= Paul Chalifoux =

Canadian politician

Paul Chalifoux is a politician and the former mayor of St. Albert, Alberta. He served two terms as mayor, first one having taken place from 1998 to 2001 and the second from 2004 to 2007.

== Career ==
Chalifoux's first attempt at winning elected office was in the 1968 federal election, when he ran for the Liberal Party of Canada in the riding of Pembina. He finished a distant second to Progressive Conservative Jack Bigg.

Before serving as mayor, Chalifoux was a city alderman and the assistant principal of St. Albert Catholic High School. In 1998, he defeated three-term incumbent Anita Ratchinsky in an election whose major issue was the alignment of the proposed West Regional Road, which became Ray Gibbon Drive. Ratchinsky favoured a road that would bypass the developed portion of the city to the west by crossing the Sturgeon River close to the mouth of Big Lake, while Chalifoux supported an alignment that would cross the river further upstream.

During Chalifoux's time as mayor, the road remained St. Albert's most contentious political issue. City Council approved Chalifoux's preferred alignment, by this time named Ray Gibbon Drive. In the 2001 election, Chalifoux was defeated by former mayor Dr. Richard Plain, who favoured the same alignment as Ratchinsky and proposed a plebiscite on the subject.
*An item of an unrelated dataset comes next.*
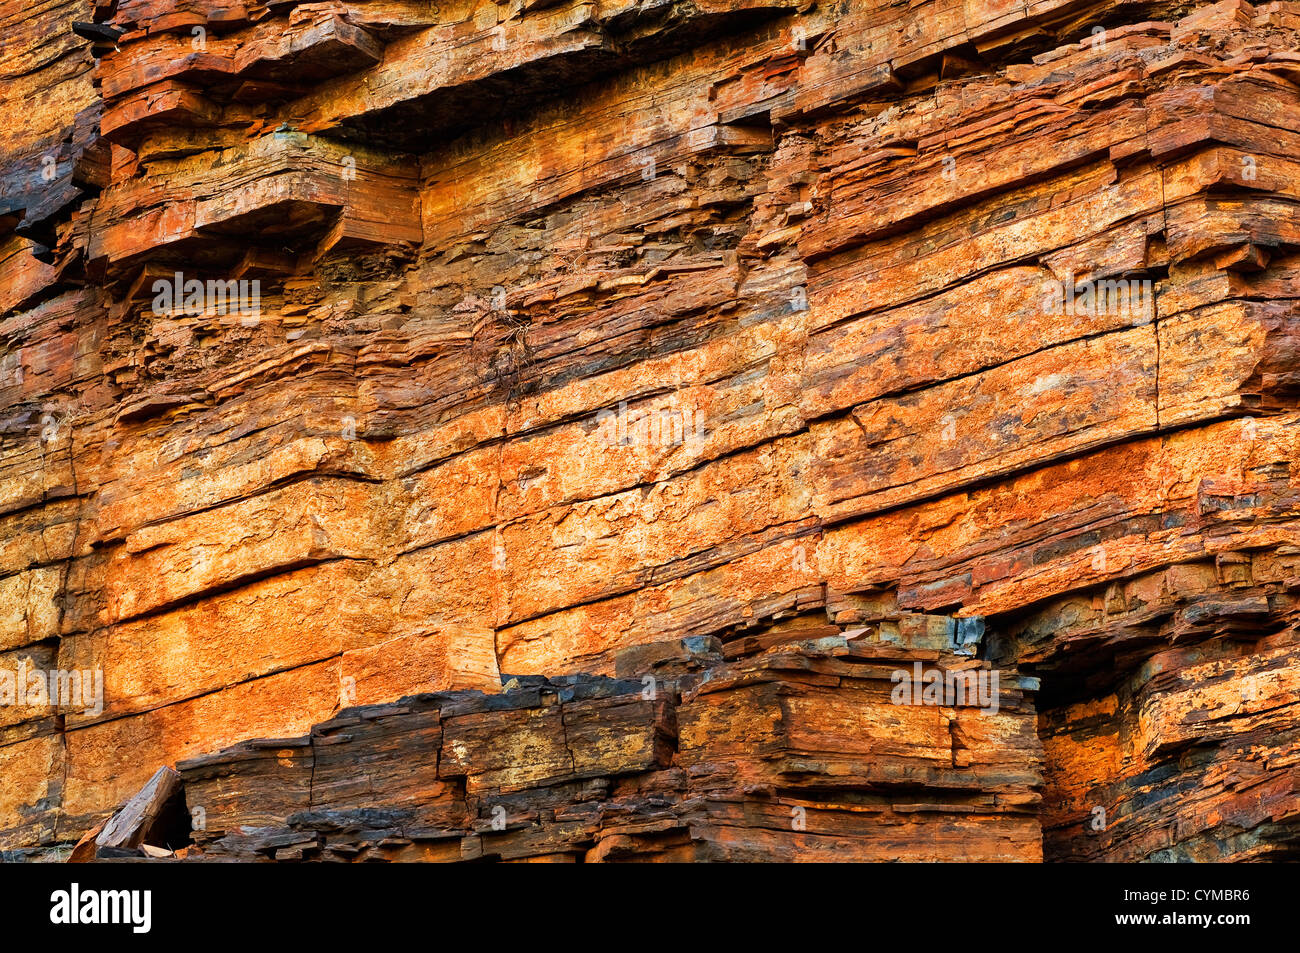 Farbige Felswand in Dales Gorge. Stockfoto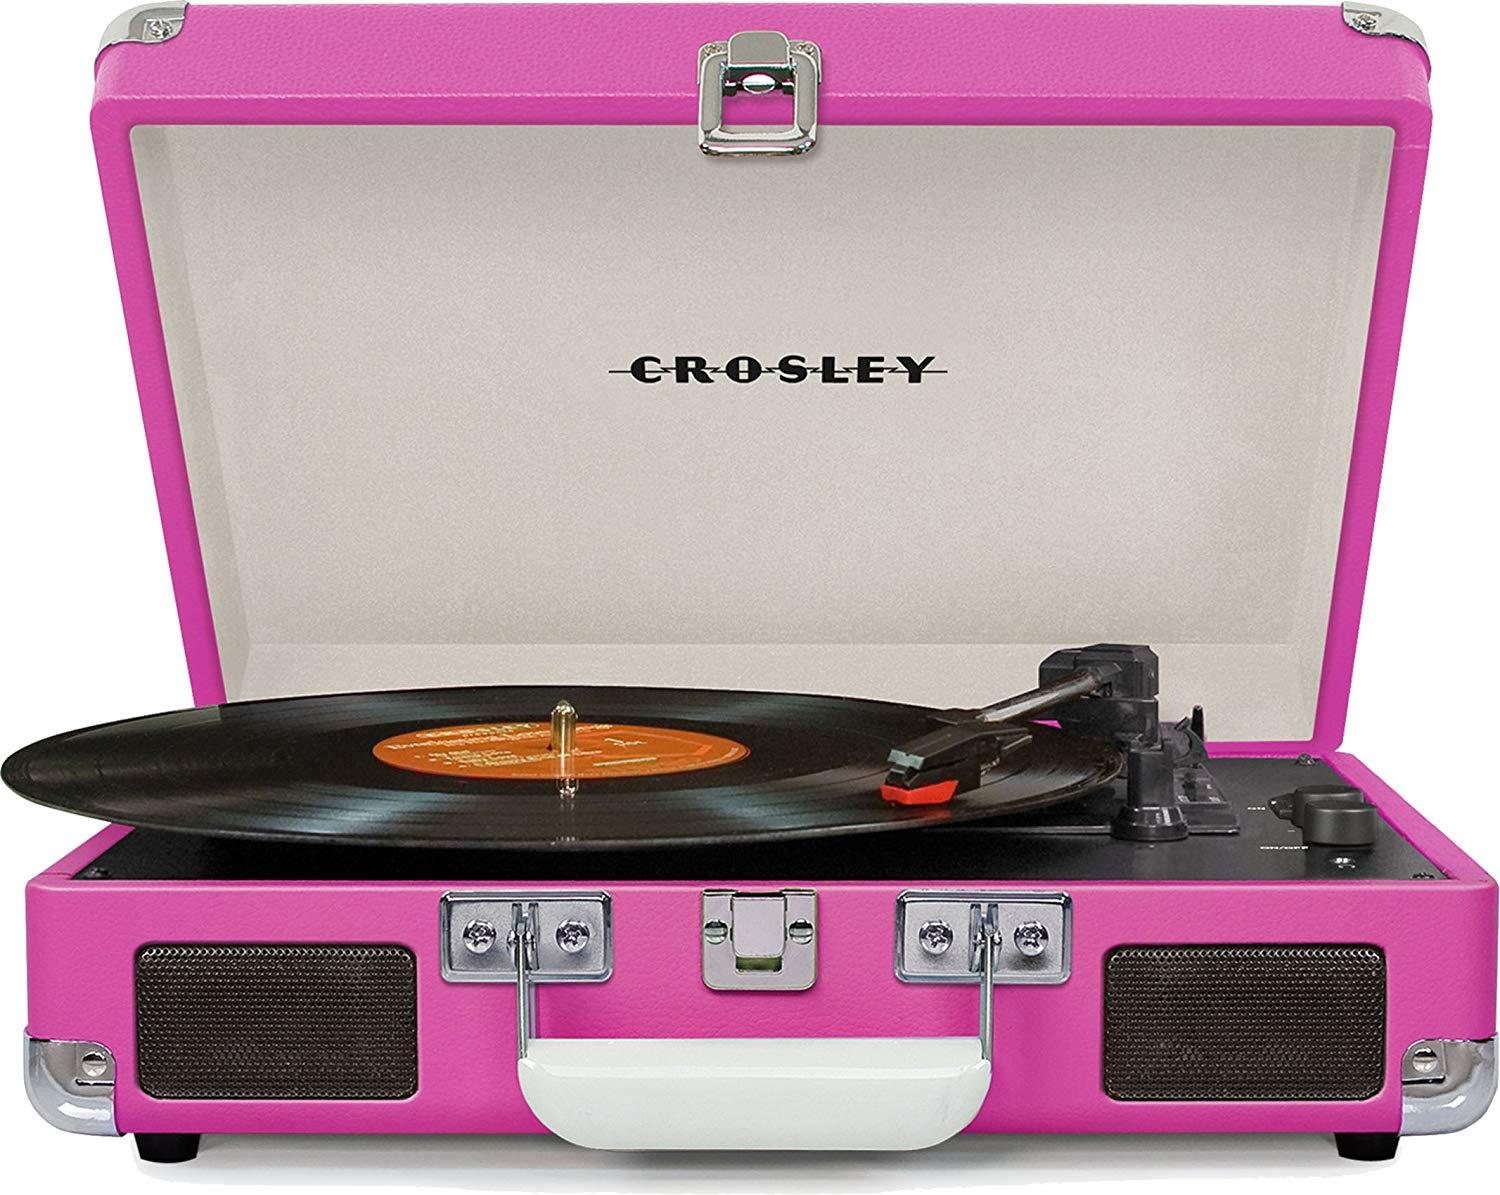 PORTABLE STEREO RECORD PLAYER HOT PINK TURNTABLE ELVIS PRESLEY 3 SPEED ...

Chalifoux challenged Plain again in 2004, campaigning this time on issues other than the road, saying that "it [was] time to move on". He won narrowly. On May 22, 2007, Chalifoux announced that he would not seek re-election (and, in so doing, provoke a third consecutive electoral battle against Plain) and would instead seek the nomination for the Progressive Conservatives in the next provincial election. Some perceived this as ironic given his past candidacy for the federal Liberals and given that he had inadvertently implicated the City of St. Albert in a minor scandal when he attended a fundraiser for the Alberta Liberal Party at the city's expense, which violated provincial law. Chalifoux acknowledges that he has been a member of the Liberal Party at both the provincial and federal levels at various points in his life, but claims that it has been more than a decade since his last provincial membership expired. He was defeated on the first ballot by former aldermanic colleague Ken Allred.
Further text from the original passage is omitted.